WORK TO BE COMPLETED: Pictures aside, the data must be reproduced exactly.

DATA BLOCK:
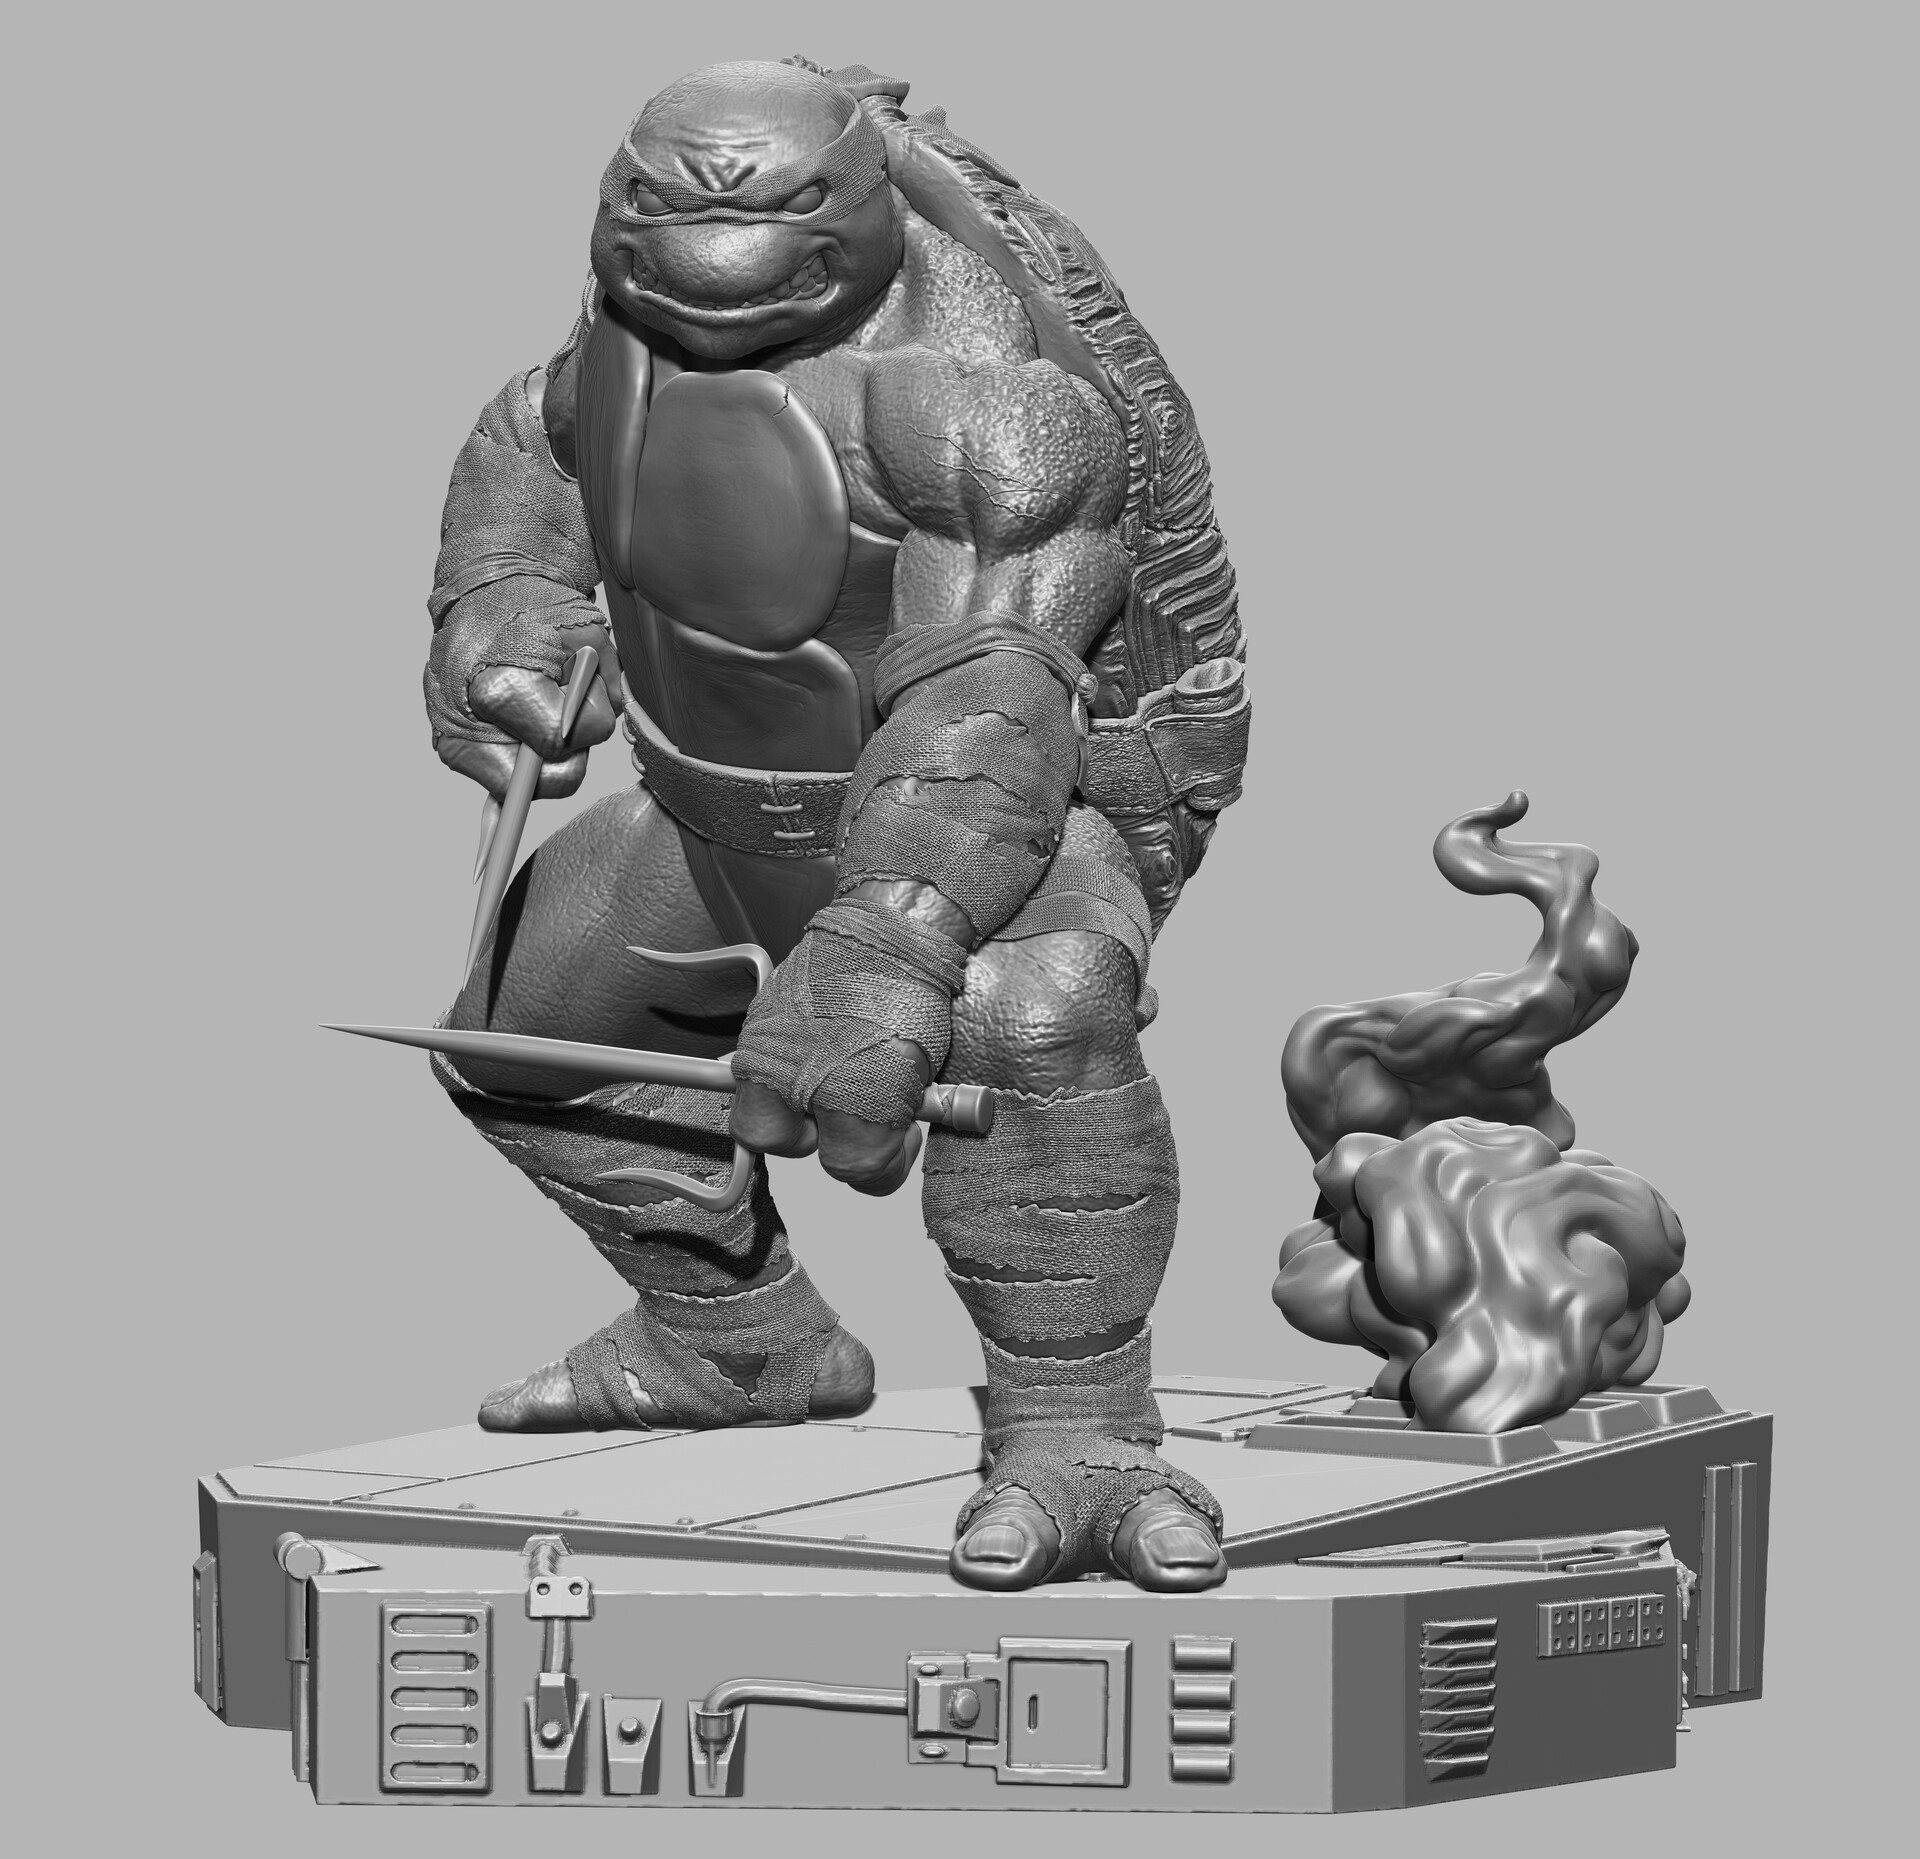 ArtStation - 260 Teenage Mutant Ninja Turtles Concept Reference
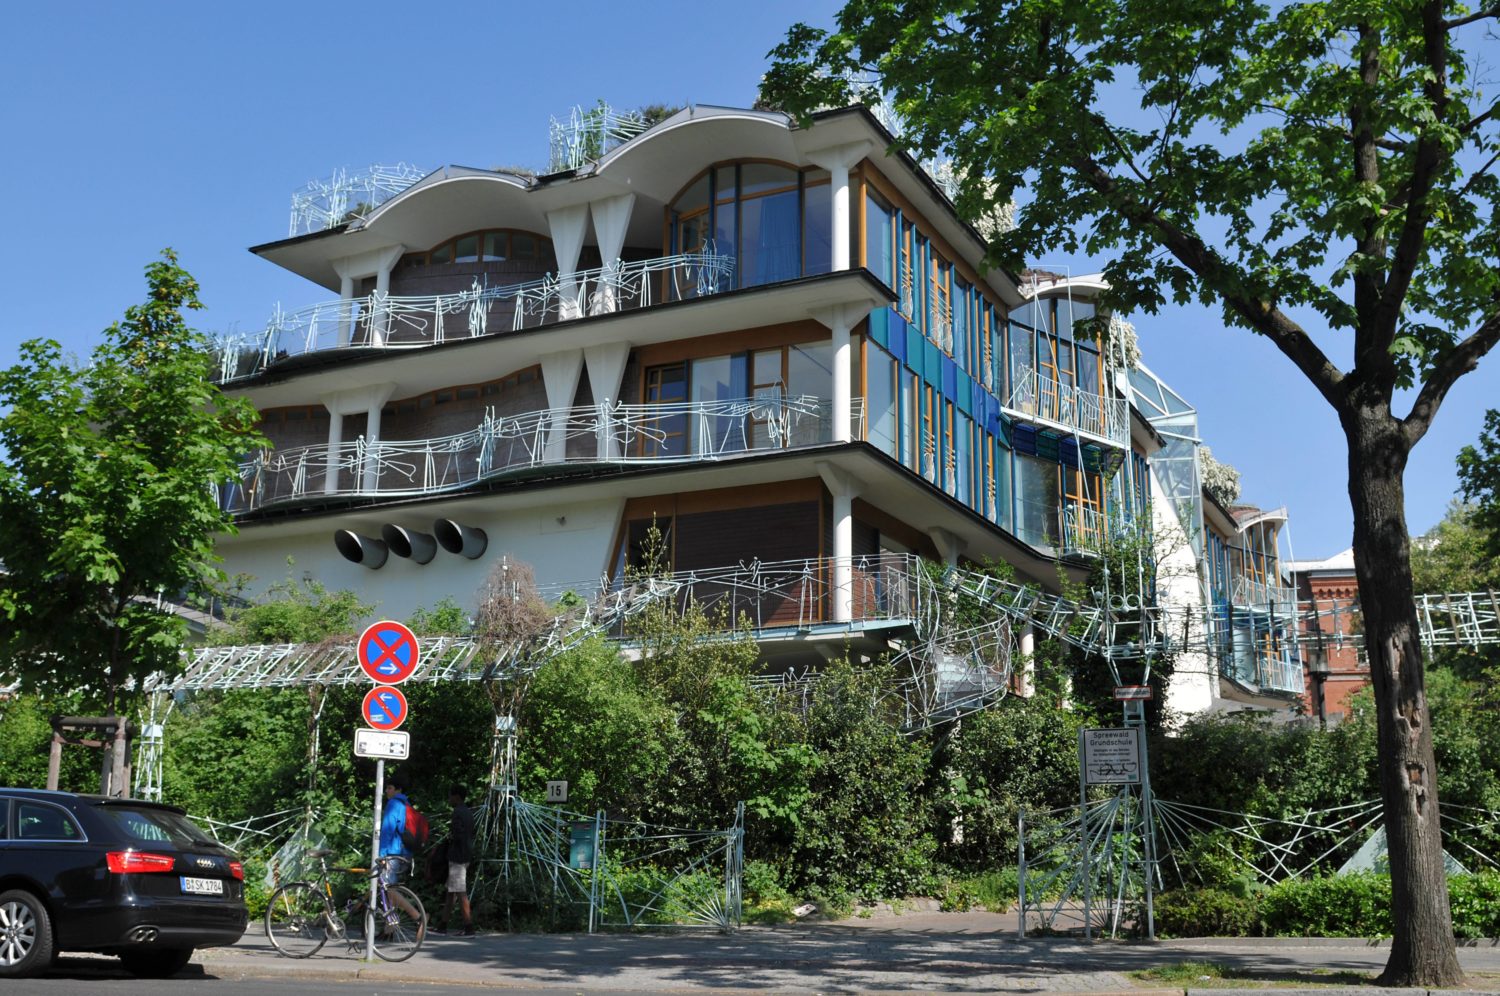 Architektur Berlin Man kann die Spreewaldgrundschule lieben oder hassen, zumindest ist der Baller-Bau unbestreitbar auffällig. Foto: Imago/Schöning
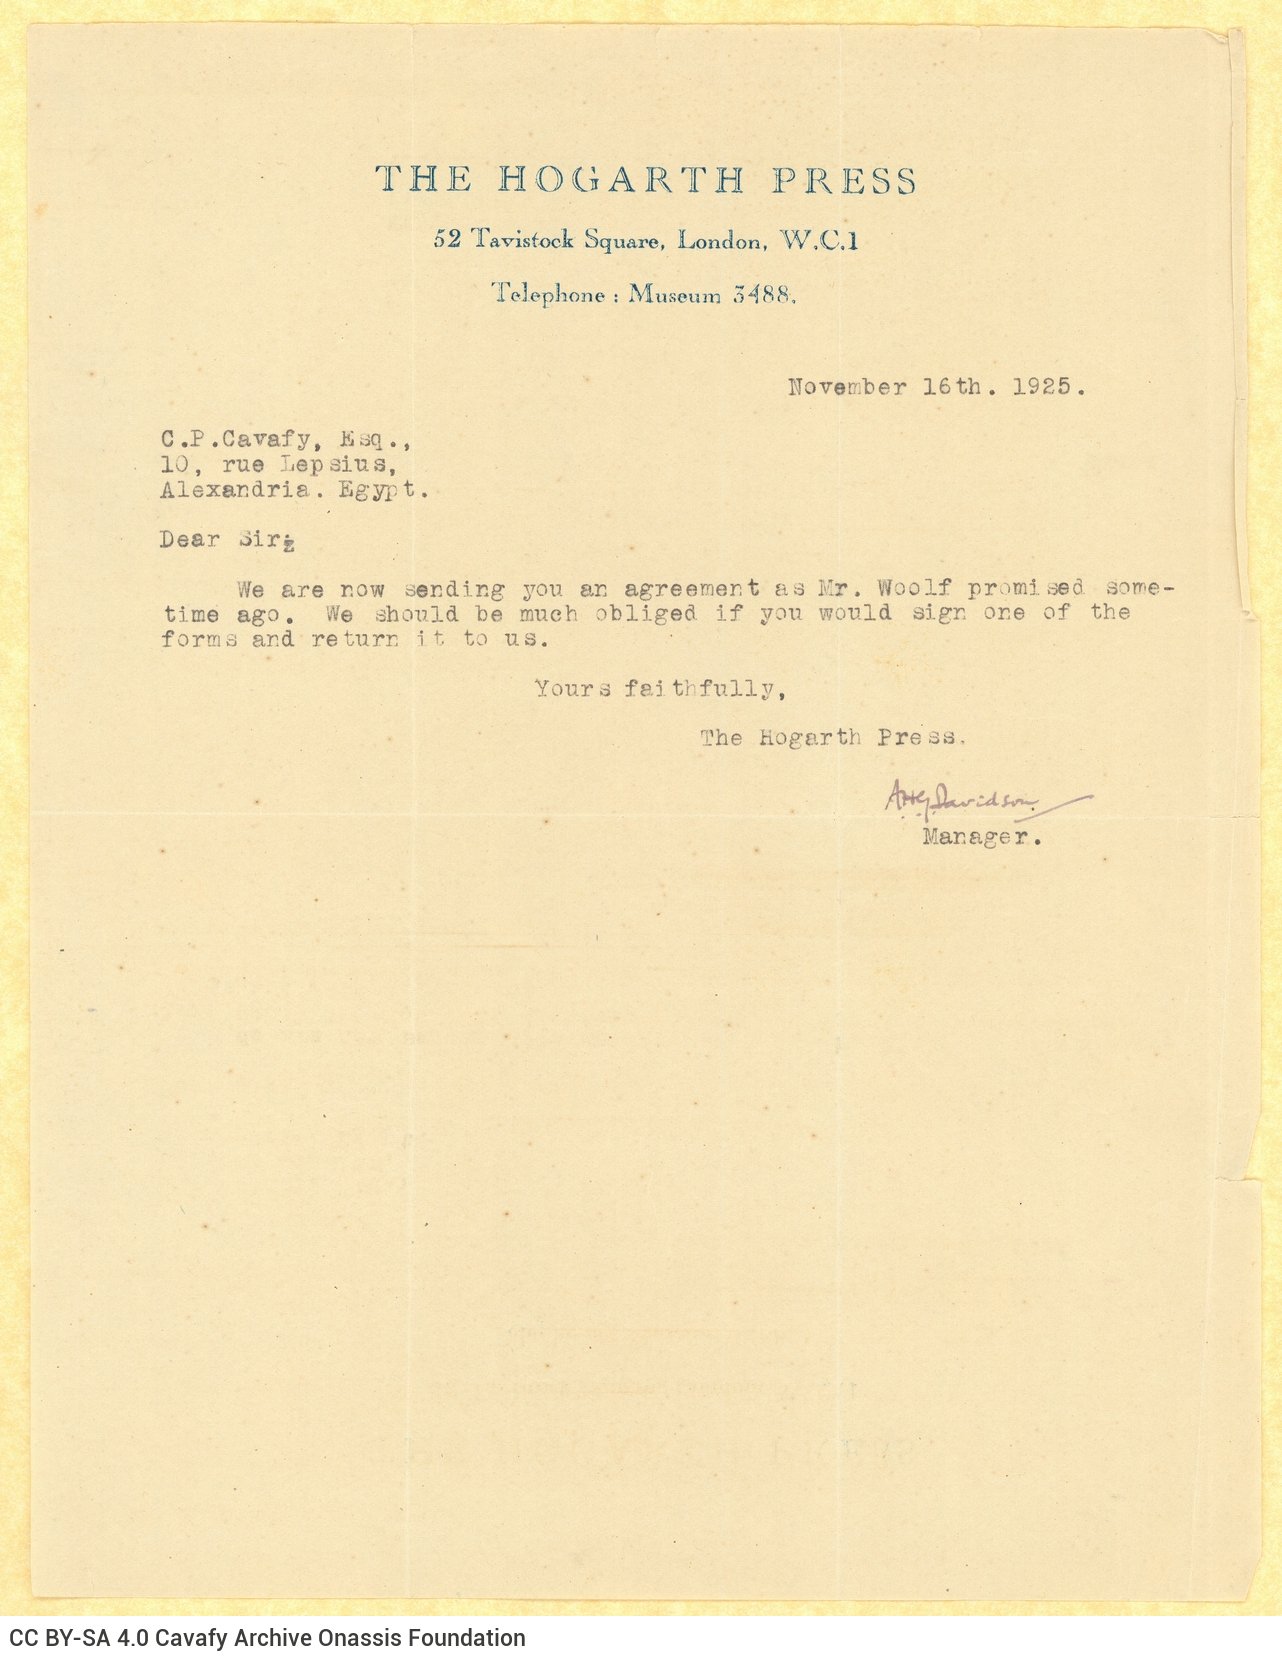 Δακτυλόγραφη επιστολή του Άνγκους Χ. Τζ. Ντέιβιντσον (Angus H. G. Davidson) εκ

EXERCISE RESPONSE:
 ArtStation - 260 Teenage Mutant Ninja Turtles Concept Reference
 Architektur Berlin Man kann die Spreewaldgrundschule lieben oder hassen, zumindest ist der Baller-Bau unbestreitbar auffällig. Foto: Imago/Schöning
 Δακτυλόγραφη επιστολή του Άνγκους Χ. Τζ. Ντέιβιντσον (Angus H. G. Davidson) εκ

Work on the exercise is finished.